[WORKING DATA — start]
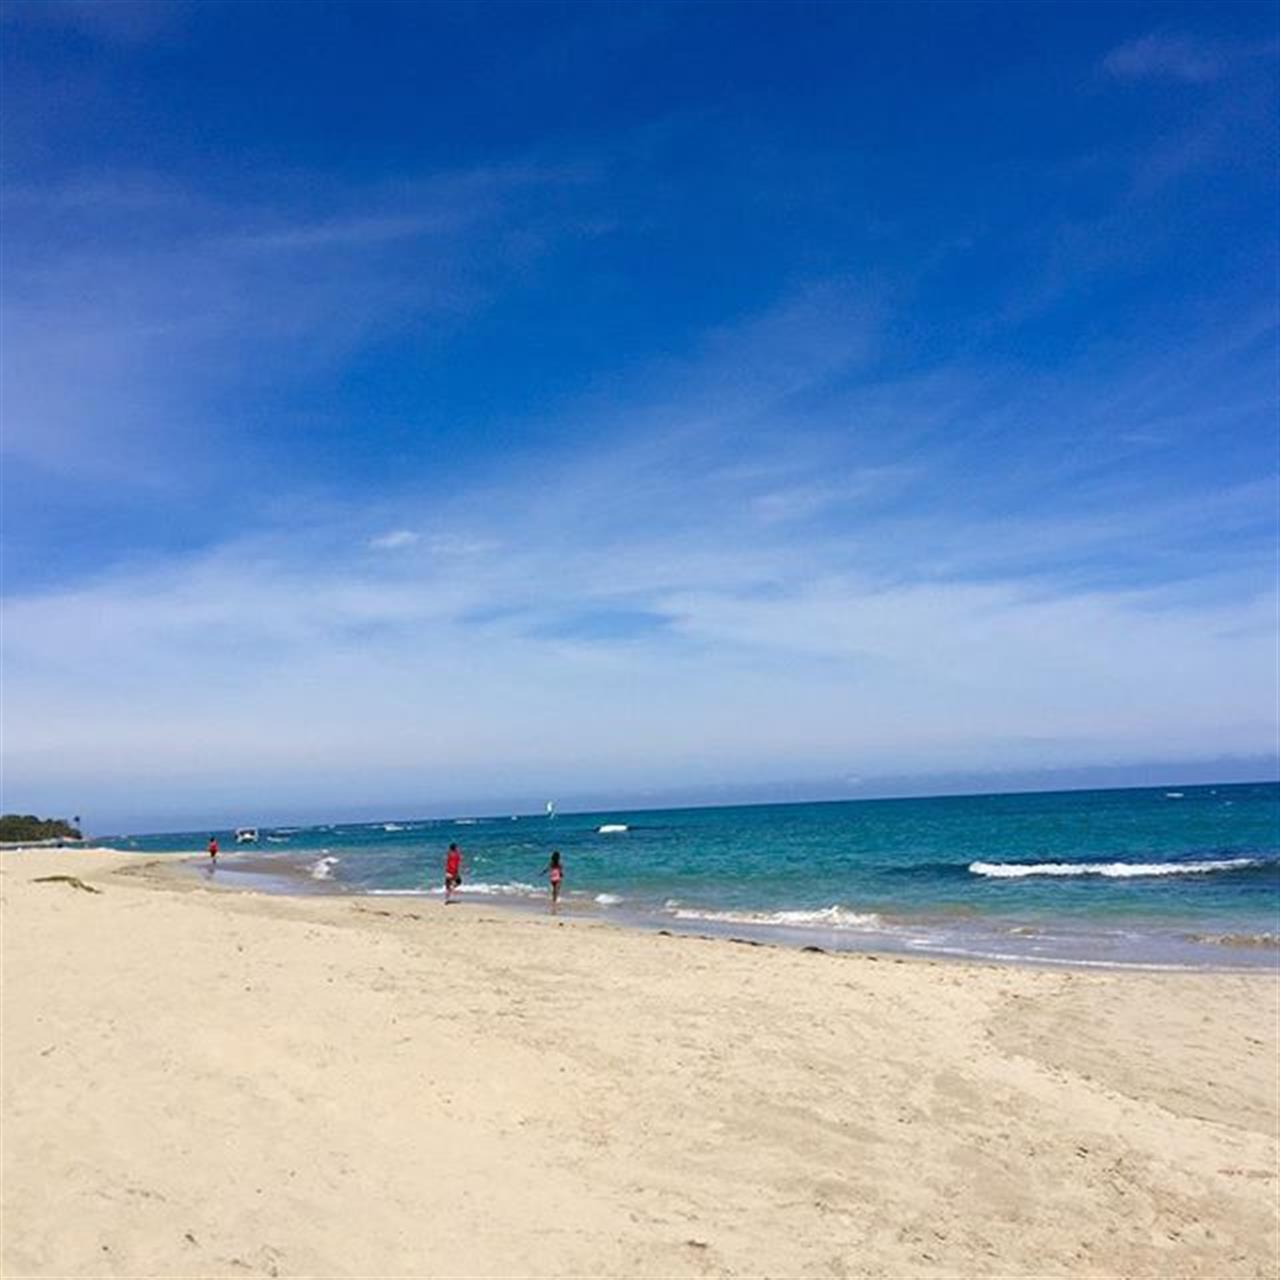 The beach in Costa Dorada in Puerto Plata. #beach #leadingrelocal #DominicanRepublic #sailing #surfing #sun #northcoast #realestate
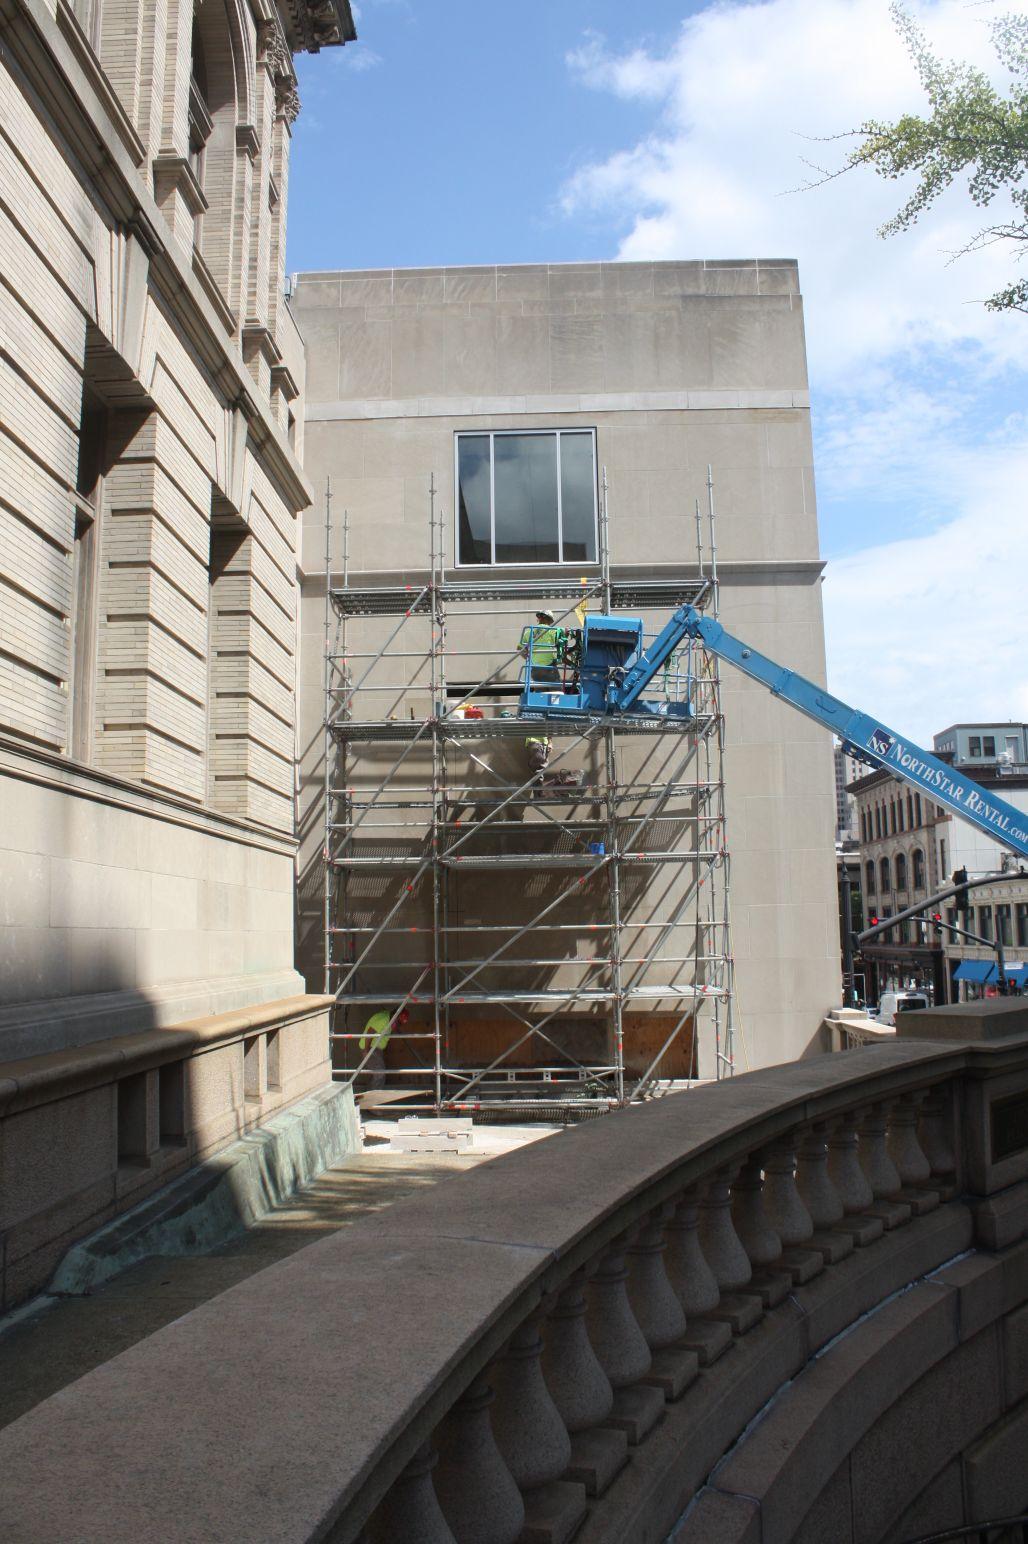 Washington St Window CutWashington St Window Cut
[WORKING DATA — finish]
[WORKING DATA — start]
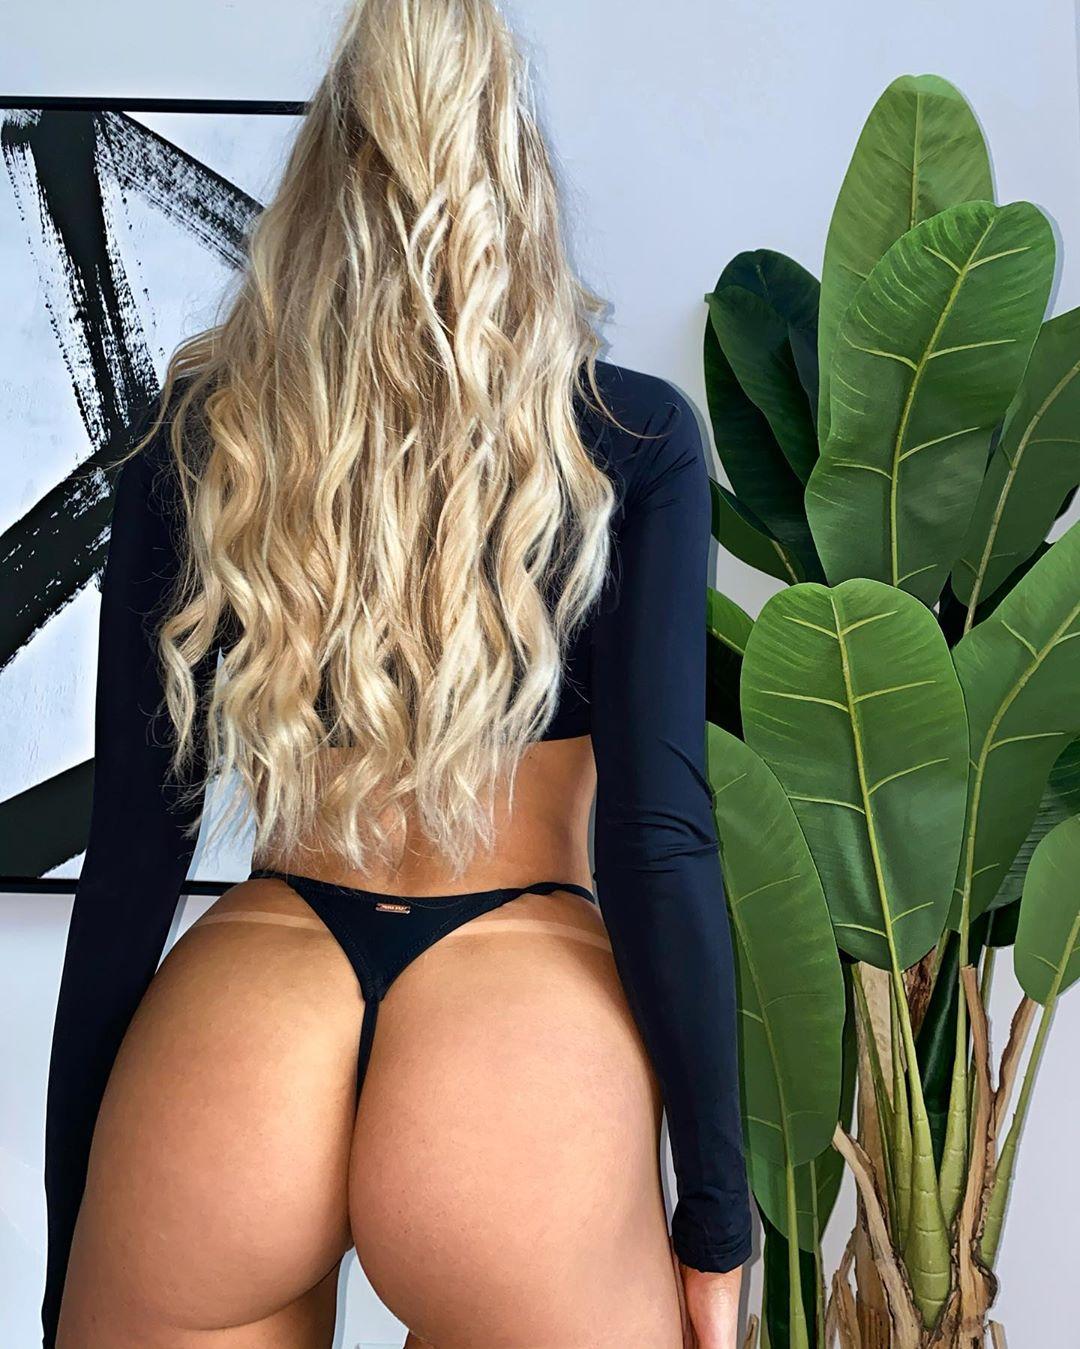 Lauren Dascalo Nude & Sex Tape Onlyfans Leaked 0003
[WORKING DATA — finish]
THE PROBLEM. Look above for the line with "The beach in" and the line with "Washington St Window CutWashington", then restate exactly those two lines and all lines between them, with no pictures.

EXERCISE RESULT.
 The beach in Costa Dorada in Puerto Plata. #beach #leadingrelocal #DominicanRepublic #sailing #surfing #sun #northcoast #realestate
 Washington St Window CutWashington St Window Cut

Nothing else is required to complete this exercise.